Fue así que el viernes 19 de Febrero nos juntamos desde distintos puntos del país junto al puente viejo y el ferroviario. Cuatro amigos llegaron desde Tacuarembó, Fernando Alves, Eduardo Acosta, Henry Berrueta y Dilson Perdomo, los Canarios éramos Ricardo Lujan, Gonzalo Giglielmone y quien escribe, desde Florida se sumó Javier Lista (el nuevo integrante de los Rema Rema)  completando junto a Adrián Zequeira, Daniel Olivera, Diego Conde  y su hijo Nicolás el móvil dos de dicho grupo, mientras que el móvil uno, conducido por Gabriel Cazarotti se completó con su hijo Francisco, Javier Martínez, Mario Pena y Walter Canay, culminando la lista de veinte con el trío desprolijo conformado por Gabriel Badano, Richard Cedrés y Sebastián Pino, éste último de Maldonado y el resto Montevideanos.

Presentado todo el contingente comenzamos con el relato de la flotada. Para definir un foco, flotada se diferencia de travesía pues en la travesía se avanza con el fin de conocer el río, sacar fotos y hacer campamento, en la flotada se va derivando y pescando en cada laguna para complementar lo que sería una travesía. Salimos desde una arenera próxima al puente viejo de madera, cuando comenzamos a descargar las cosas ya estaba garuando pero nuestro optimismo y ganas de aventura hicieron que no se empañara la alegría que teníamos. Cuando comenzamos a remar la lluvia se intensificó y seguimos dándole al remo. El trío venía muy atrás y luego supimos que era porque ya estaban pescando, con tanta suerte que a pocos metros de la salida, en una laguna donde desaguan algunas de las calles de la ciudad, Gabriel logró una tararira muy linda.
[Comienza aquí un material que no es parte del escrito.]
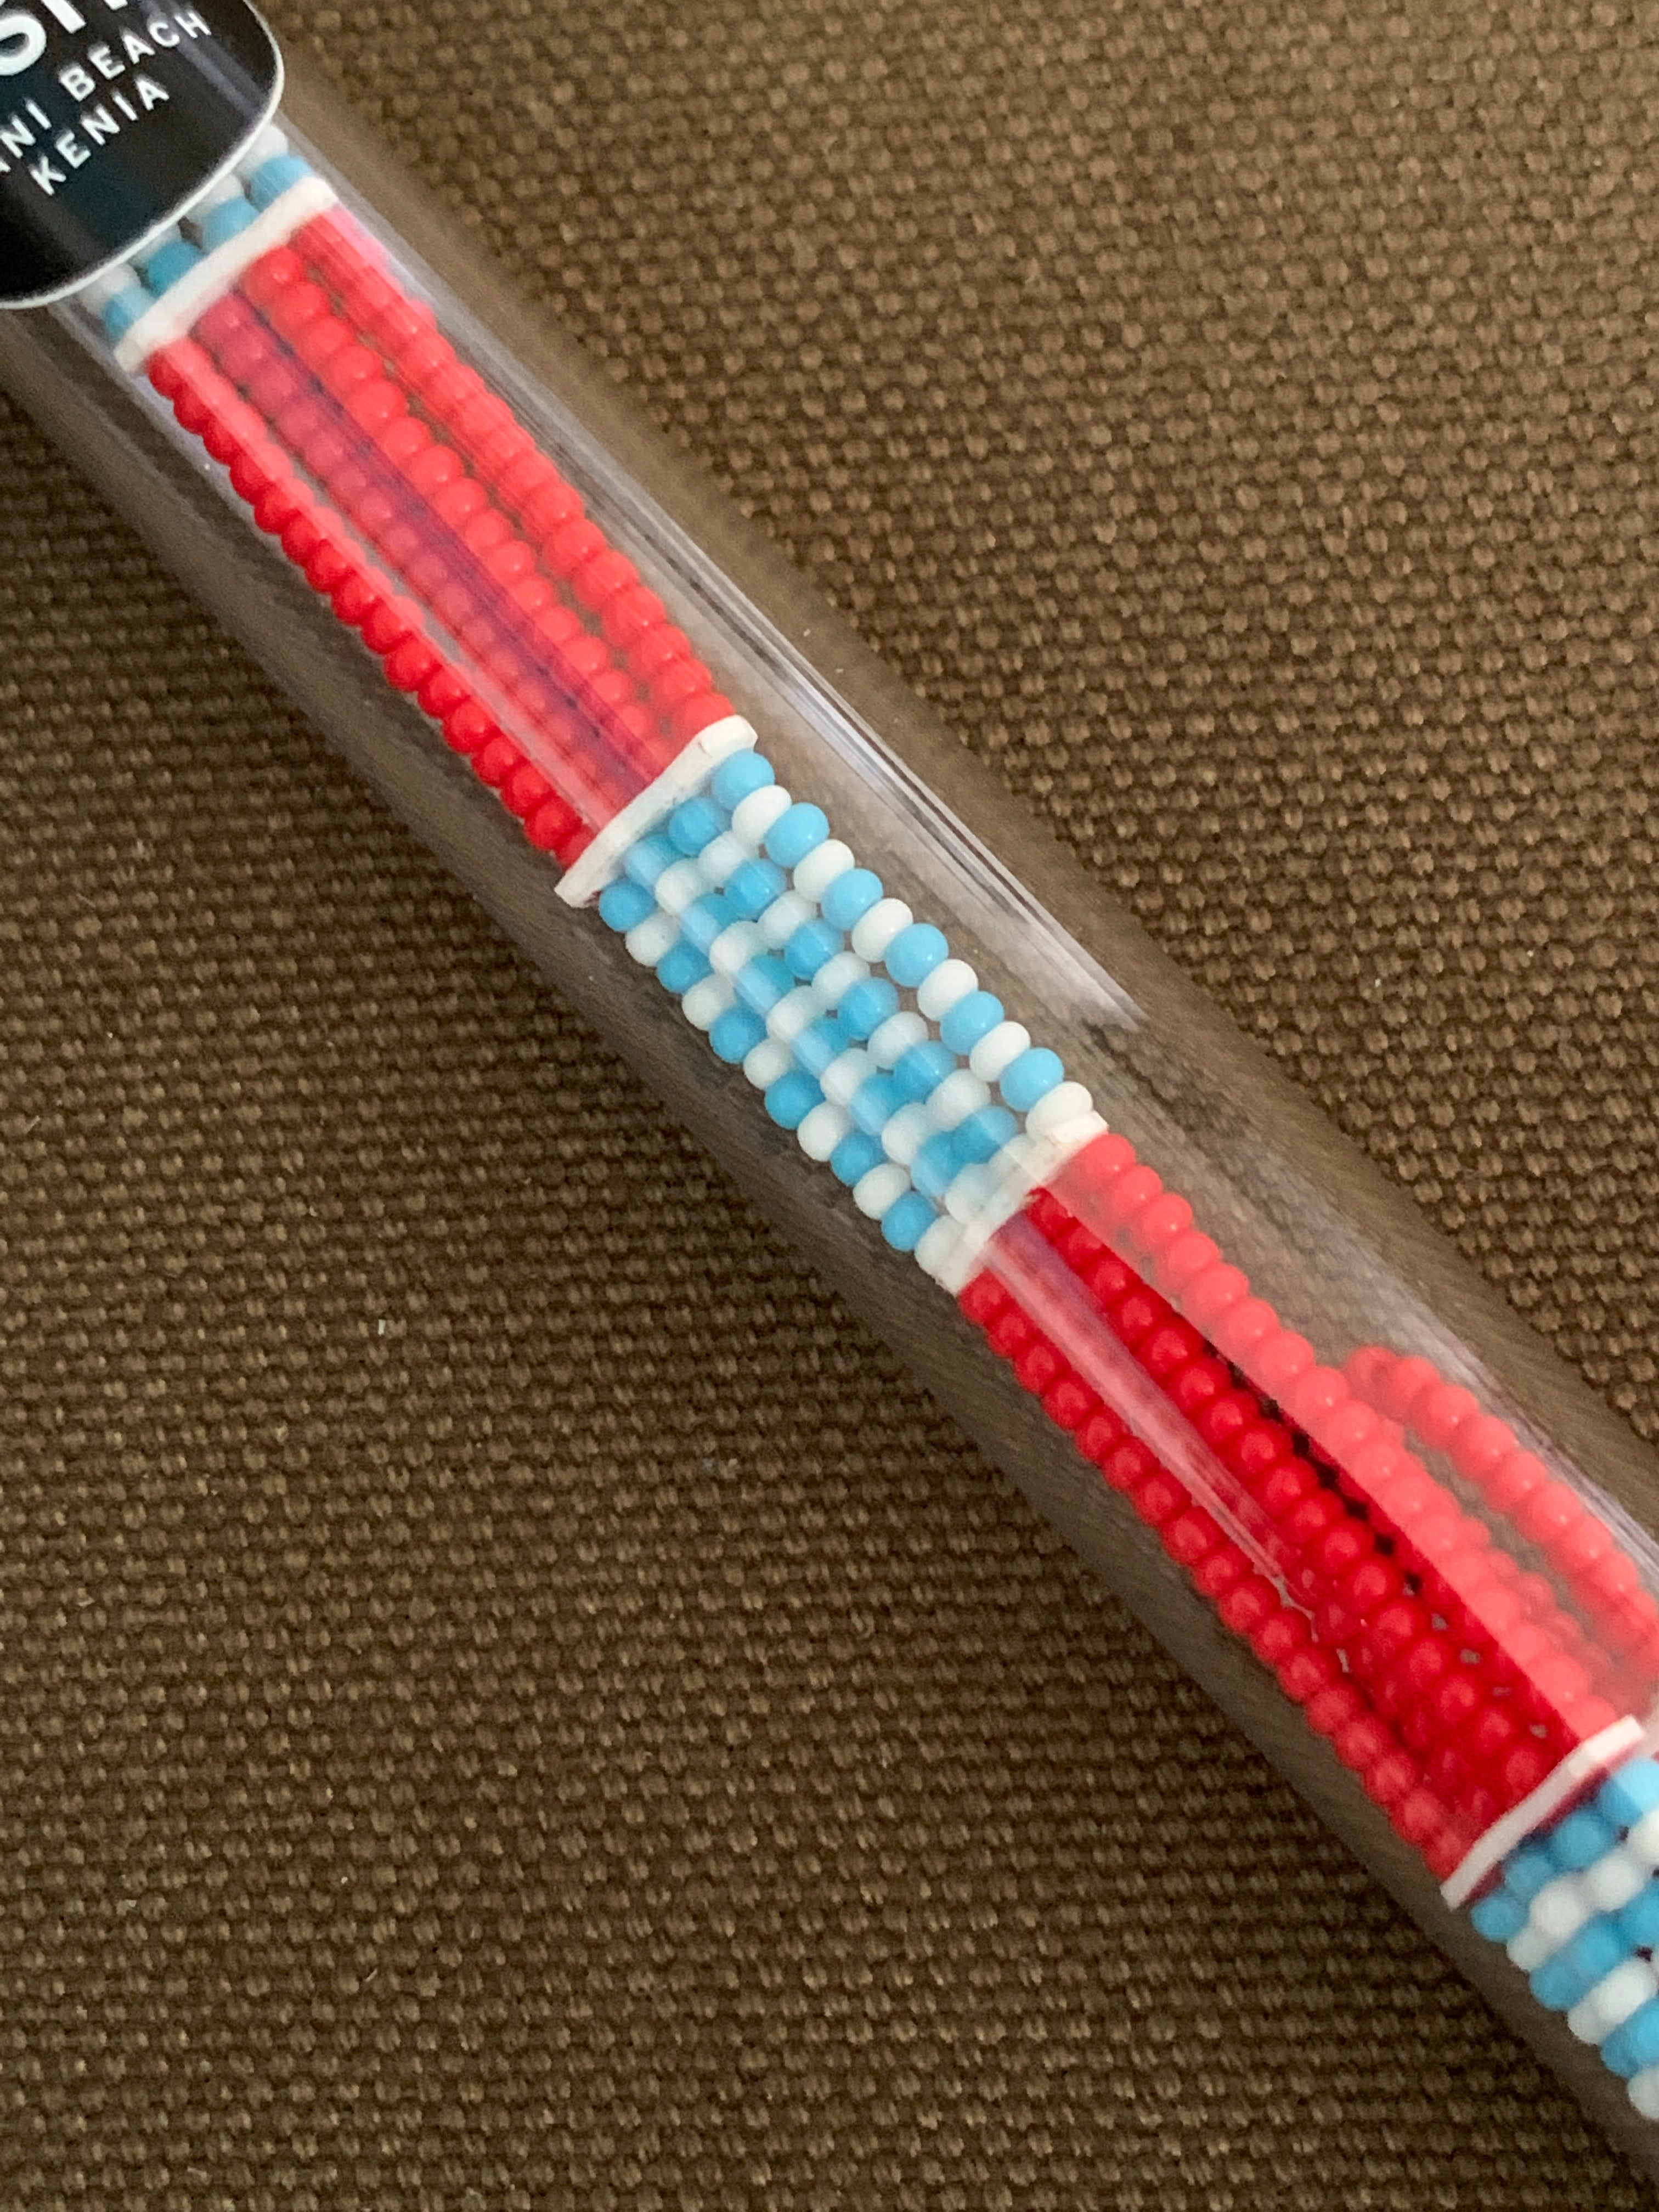 Massai-Armband mit Knopf / red with white/light blue

Lo que no era para nada lindo eran los plásticos en los árboles y demás. ¿Cuándo aprenderemos a ser más educados y no tirar basura en el jardín de todos?

Continuaba lloviendo y algunos empezamos a sentir frío. Primero los Rema Rema pararon para encender un fuego y calentarse, el resto continuamos con el fin de avanzar un poco más y cuando el frío comenzó a incomodarnos por estar húmedos, buscamos donde acampar, a tan sólo seis kilómetros de la salida armamos el primer campamento para calentarnos por fuera (bajo la lona y junto al fuego) y por dentro con un buen ensopado preparado por los compañeros de Tacuarembó, clásica comida en estas situaciones.

 

Almorzamos y algunos aprovecharon para dormir una siesta mientras el resto continuó charlando. A media tarde, tal como esperábamos, salió el sol y salimos a explorar las lagunas cercanas a dicho campamento, donde se dio una generosa pesca con artificiales a pesar de estar muy cerca de la ciudad y de haber clara presencia de pesca con piolas o aparejos como se dice en el interior, modalidad de fondo que practica la gente para sustraer peces para el consumo.

La noche llegó, otro fogón se prendió y salieron carnes de todas las conservadoras. Truco, vinito y cervezas mediante, resolvimos que lo mejor para el segundo día sería recorrer (además de lo planificado de antemano) el tramo que no pudimos hacer por la lluvia, así que nos esperaban unos 20 kilómetros de sorpresas para la segunda jornada.


Día dos: Etapa reforzada.
Tempranito, cuanto se tomaron los primeros mates y demás desayunos, juntamos las cosas, cargamos los kayaks y salimos lentamente a recorrer este largo tramo del Yí. Los Rema Rema se adelantaron por dos razones; para asegurarse de cumplir el objetivo y quizá ampliarlo unos kilómetros y para no estar todos tan juntos, lo que brindaría un mejor accionar de pesca. El resto quedamos algo atrás, derivando y tirando señuelos en busca de las tornasoles que no demoraron en aparecer.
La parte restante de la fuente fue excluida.